#### SUPPLIED RECORDS ####

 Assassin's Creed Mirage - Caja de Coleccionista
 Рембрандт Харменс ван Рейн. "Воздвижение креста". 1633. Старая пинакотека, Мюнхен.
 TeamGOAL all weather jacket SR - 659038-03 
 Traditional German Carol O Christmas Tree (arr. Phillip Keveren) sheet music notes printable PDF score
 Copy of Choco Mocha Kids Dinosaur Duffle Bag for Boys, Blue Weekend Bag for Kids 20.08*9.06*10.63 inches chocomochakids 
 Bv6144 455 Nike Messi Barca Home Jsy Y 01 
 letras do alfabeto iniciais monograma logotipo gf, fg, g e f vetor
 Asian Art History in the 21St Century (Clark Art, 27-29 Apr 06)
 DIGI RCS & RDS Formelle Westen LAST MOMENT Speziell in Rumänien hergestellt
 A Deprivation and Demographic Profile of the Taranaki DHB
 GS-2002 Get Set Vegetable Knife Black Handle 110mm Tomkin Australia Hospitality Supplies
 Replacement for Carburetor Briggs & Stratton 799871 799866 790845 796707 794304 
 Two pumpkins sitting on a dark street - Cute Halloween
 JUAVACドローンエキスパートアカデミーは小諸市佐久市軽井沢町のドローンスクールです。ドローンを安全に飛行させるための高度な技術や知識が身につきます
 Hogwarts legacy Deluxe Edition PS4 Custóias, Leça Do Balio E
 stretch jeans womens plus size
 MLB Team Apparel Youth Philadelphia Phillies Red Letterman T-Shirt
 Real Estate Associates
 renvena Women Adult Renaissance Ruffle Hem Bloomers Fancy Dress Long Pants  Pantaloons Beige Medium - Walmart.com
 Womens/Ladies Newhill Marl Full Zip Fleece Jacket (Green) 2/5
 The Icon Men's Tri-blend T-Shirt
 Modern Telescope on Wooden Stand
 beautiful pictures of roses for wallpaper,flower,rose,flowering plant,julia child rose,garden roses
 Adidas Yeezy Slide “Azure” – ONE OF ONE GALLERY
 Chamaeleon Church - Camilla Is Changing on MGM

####

§ PROBLEM TO WORK ON:
Repeat each record above precisely as written.

§ WRITTEN SOLUTION:
 Assassin's Creed Mirage - Caja de Coleccionista
 Рембрандт Харменс ван Рейн. "Воздвижение креста". 1633. Старая пинакотека, Мюнхен.
 TeamGOAL all weather jacket SR - 659038-03 
 Traditional German Carol O Christmas Tree (arr. Phillip Keveren) sheet music notes printable PDF score
 Copy of Choco Mocha Kids Dinosaur Duffle Bag for Boys, Blue Weekend Bag for Kids 20.08*9.06*10.63 inches chocomochakids 
 Bv6144 455 Nike Messi Barca Home Jsy Y 01 
 letras do alfabeto iniciais monograma logotipo gf, fg, g e f vetor
 Asian Art History in the 21St Century (Clark Art, 27-29 Apr 06)
 DIGI RCS & RDS Formelle Westen LAST MOMENT Speziell in Rumänien hergestellt
 A Deprivation and Demographic Profile of the Taranaki DHB
 GS-2002 Get Set Vegetable Knife Black Handle 110mm Tomkin Australia Hospitality Supplies
 Replacement for Carburetor Briggs & Stratton 799871 799866 790845 796707 794304 
 Two pumpkins sitting on a dark street - Cute Halloween
 JUAVACドローンエキスパートアカデミーは小諸市佐久市軽井沢町のドローンスクールです。ドローンを安全に飛行させるための高度な技術や知識が身につきます
 Hogwarts legacy Deluxe Edition PS4 Custóias, Leça Do Balio E
 stretch jeans womens plus size
 MLB Team Apparel Youth Philadelphia Phillies Red Letterman T-Shirt
 Real Estate Associates
 renvena Women Adult Renaissance Ruffle Hem Bloomers Fancy Dress Long Pants  Pantaloons Beige Medium - Walmart.com
 Womens/Ladies Newhill Marl Full Zip Fleece Jacket (Green) 2/5
 The Icon Men's Tri-blend T-Shirt
 Modern Telescope on Wooden Stand
 beautiful pictures of roses for wallpaper,flower,rose,flowering plant,julia child rose,garden roses
 Adidas Yeezy Slide “Azure” – ONE OF ONE GALLERY
 Chamaeleon Church - Camilla Is Changing on MGM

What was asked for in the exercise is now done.